What these guys were trying to do, in the '30s, was to bend national policy in a direction that favored them, and to win votes to do it, by appealing to, well... the whole Liberty League menagerie, but let's just focus on the racists, because there were, and still regrettably are, quite a few of them.

The Liberty League was trying, in effect, to get racists to vote Republican in the 1940 presidential election. And there is a very good reason that that was not likely to happen, which has absolutely nothing to do with the ineffable wisdom of the American electorate: since the end of Reconstruction, decades ago already at this point, American racists had gotten everything they could reasonably want out of the Democrats. Republican Theodore Roosevelt's appointment of a female black postmaster had been a cause celebre of his administration; Democrat Woodrow Wilson, by contrast, segregated the entire national postal service.
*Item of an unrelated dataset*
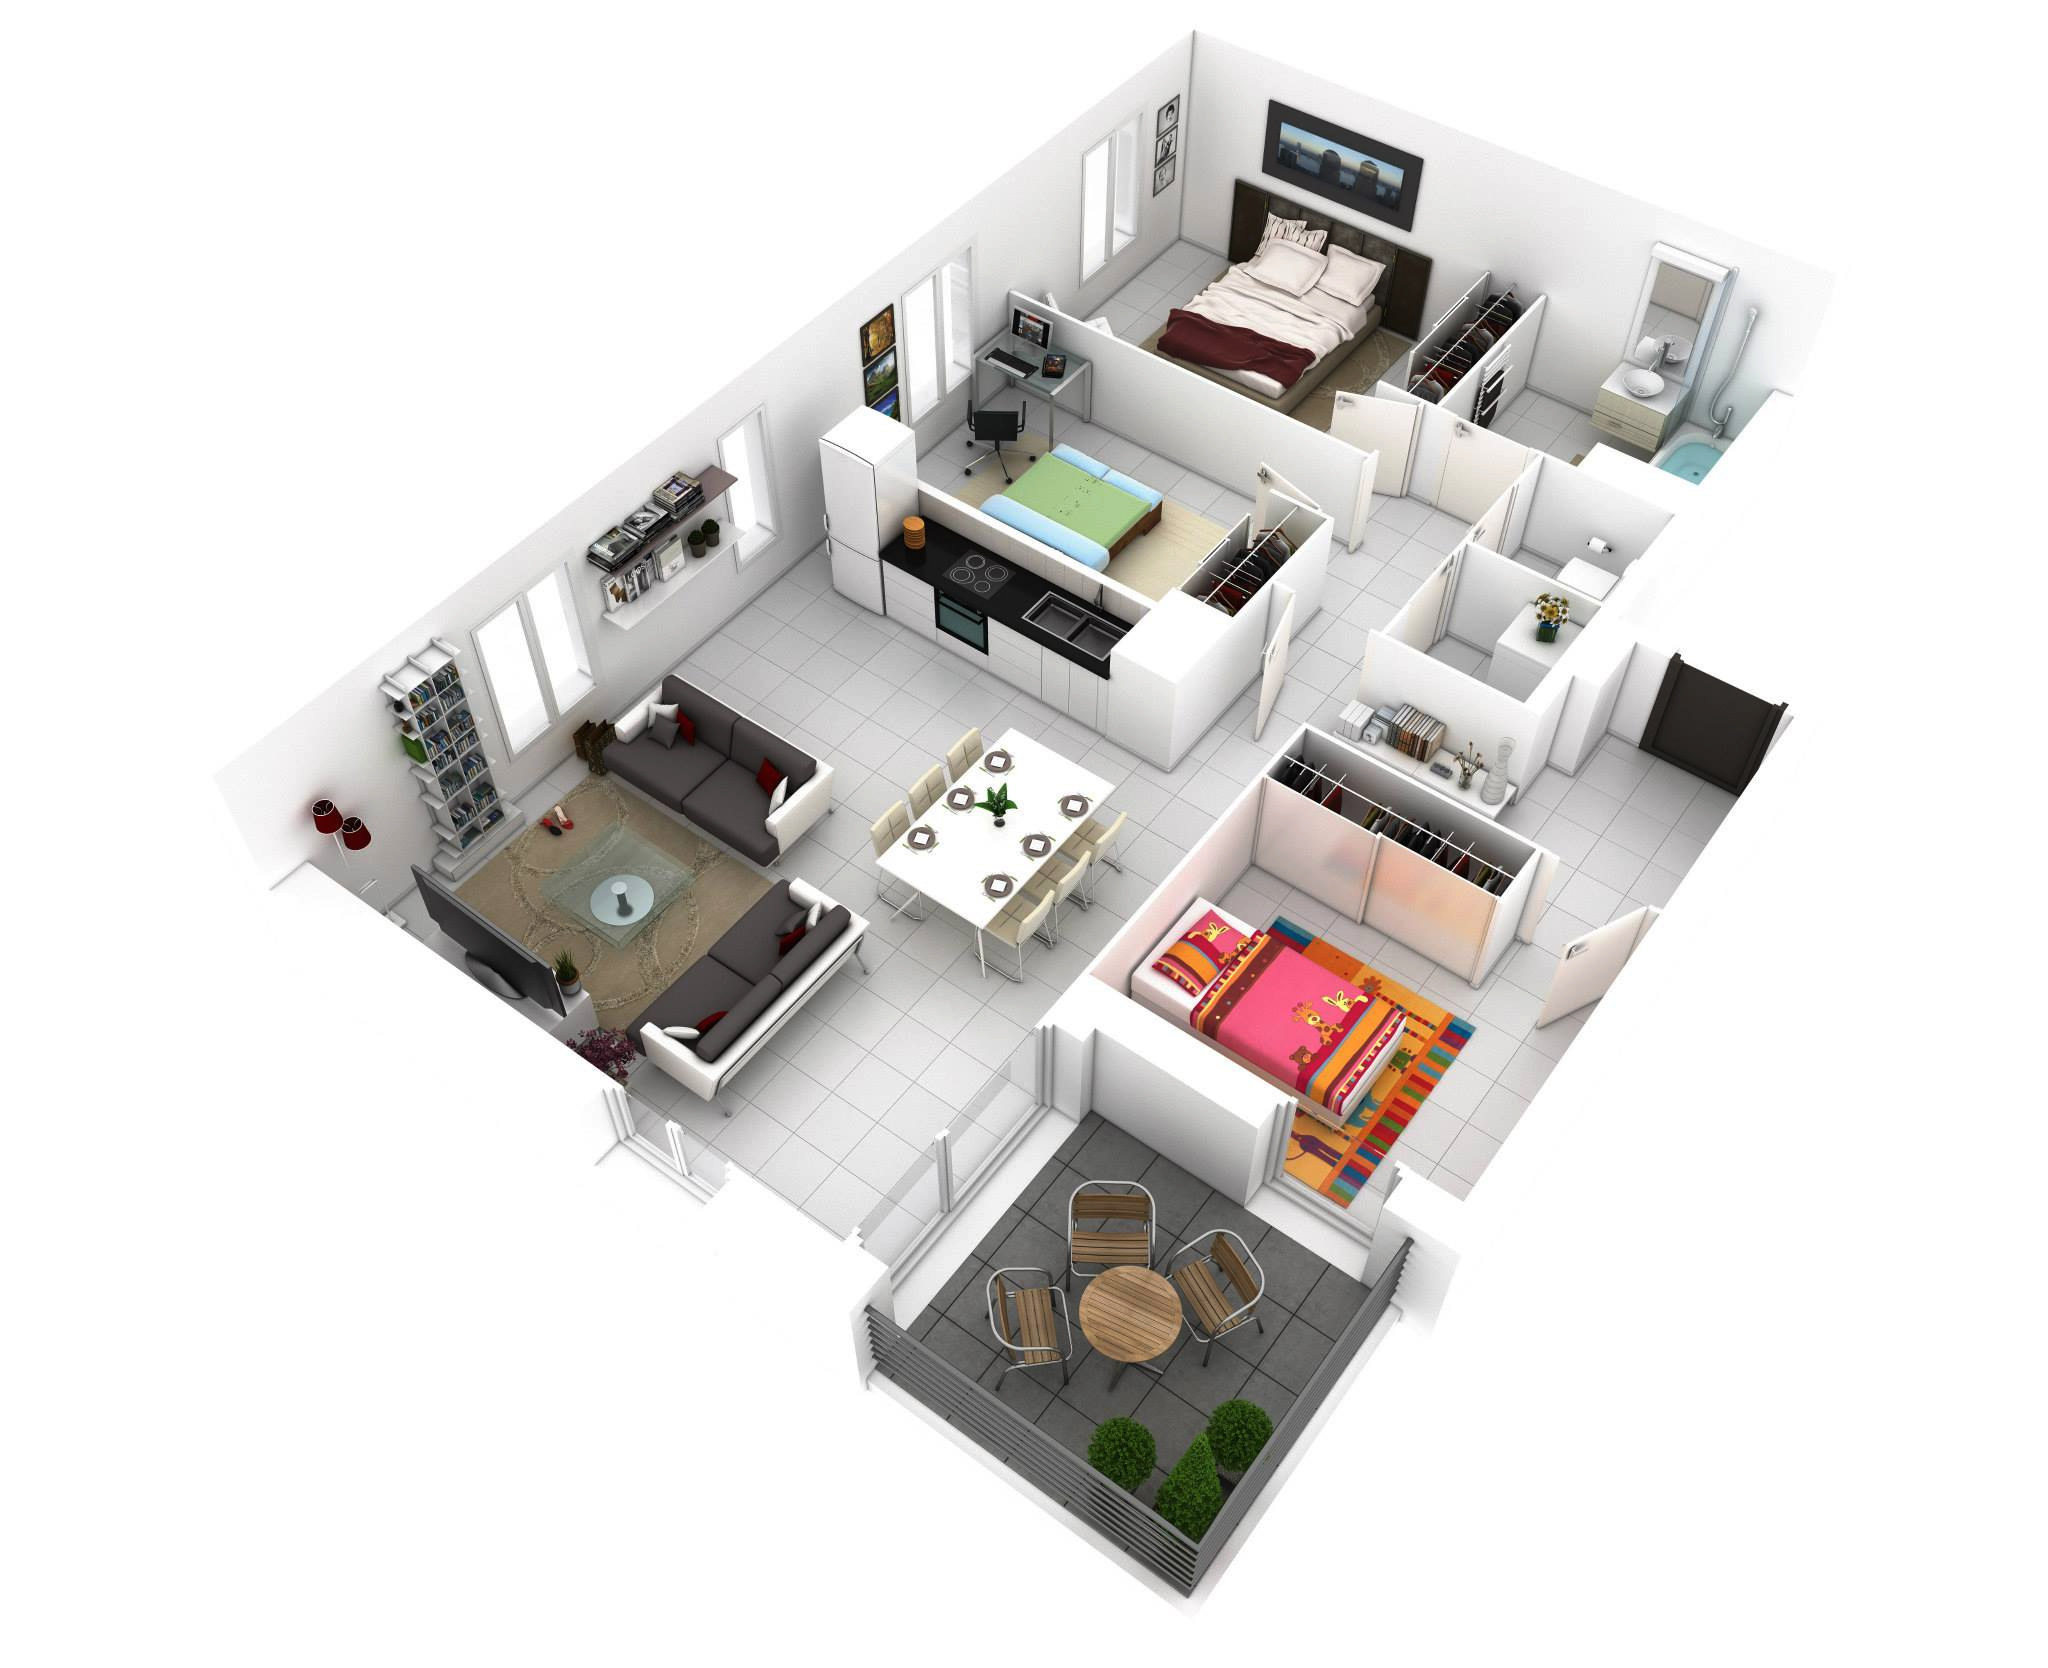 25 More 3 Bedroom 3d Floor Plans Architecture Design 3d House Plans Bedroom House Plans House Plans

What's happened over the decades since is that the Democrats got a belated case of conscience which drove the racists out of their ranks -- Democratic Senator Strom Thurmond moved first into the effectively pro-lynching "Dixiecrat" splinter group, which ran him as a presidential candidate, and then into the arms of the Republicans, where Thurmond finished his career, and where the heirs of the funders of the Liberty League, like Richard Mellon Scaife, now have the alliance their fathers and grandfathers dreamed of. And as much as Republicans like to talk about the dependance of the current Democratic Party on the black vote, there's also a story to be told about their own dependance on racists. There's a reason that Haley Barbour, Republican governor of Mississippi and former RNC big shot, hangs out with the Council of Conservative Citizens -- if you don't know what they stand for, a little time on their web site will let you figure it all out.

In short, the election of Roosevelt may have had a lot less to do with the ineffable wisdom of the voters, than with, at best, some rather nasty coalition building on the part of the Democrats, and at worst dumb luck.
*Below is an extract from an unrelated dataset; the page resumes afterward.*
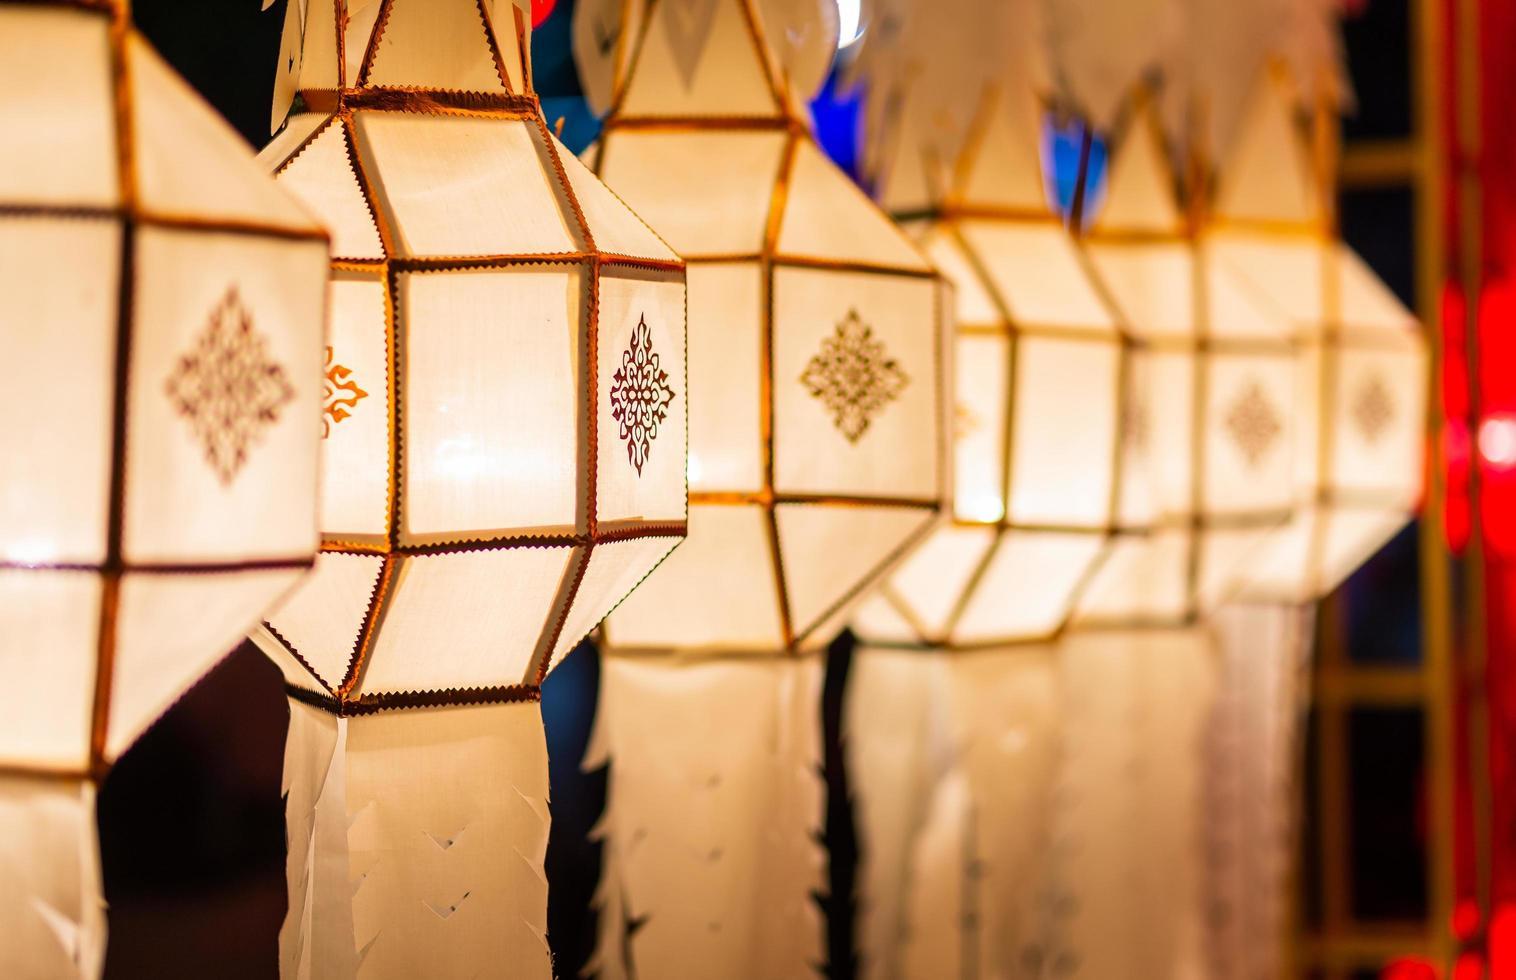 een reeks nanna-lantaarns vult de festivalzaal in thailand foto

Which is kind of disturbing right around now. Now, when the Chinese Communists can criticize American human rights abuses with a straight face. Now, when someone inside the Administration is apparently saying that what we really need now is a war of conquest over all Arabia:

Killing in large numbers is not enough to defeat our Muslim foes. With killing must come a Sherman-like razing of infrastructure. Roads and irrigation systems; bridges, power plants, and crops in the field; fertilizer plants and grain mills--all these and more will need to be destroyed to deny the enemy its support base. -- [S]uch actions will yield large civilian casualties, displaced populations, and refugee flows. Again, this sort of bloody-mindedness is neither admirable nor desirable, but it will remain America's only option so long as she stands by her failed policies toward the Muslim world.

(Crikey. Has this guy noticed that the effect of the war, thus far, is to create training grounds for the terrorists? Is he aware that there are more than a billion Muslims, and that the Muslim population, and for that matter, Muslim resistance groups, are found not just in the Arab world, but in places as far flung as Indonesia and the Philipines? Does he expect the governments of Muslim states, and states like India with large Muslim populations, who are already out in the streets, to just stand idly by while we do all this? Has he forgotten that at least one Muslim state -- Pakistan -- has nukes? Engaging these folks in a genuine democratic process is not a foolproof recipe for success, by any means, but it has worked in the past. And the victory in arms sought by "anonymous" could only be Pyrrhic -- and the whole planet would be the pyre. Enough).

In the 1930s, it seems to me, we got kinda lucky with our national leadership. I do hope our luck's not running out.

China link via Sisyphus Shrugged; Thurmond sample ballot via Atrios

1 Comments:

Anonymous Anonymous said...

Just a detail :
"the French, having allowed Hitler to retake Alsace-Lorraine with barely a protest"

No, I think you meant "having allowed the remilitarization of the Ruhr region".

Alsace-Lorraine was annexed only after the Maginot Line had crumbled in 40.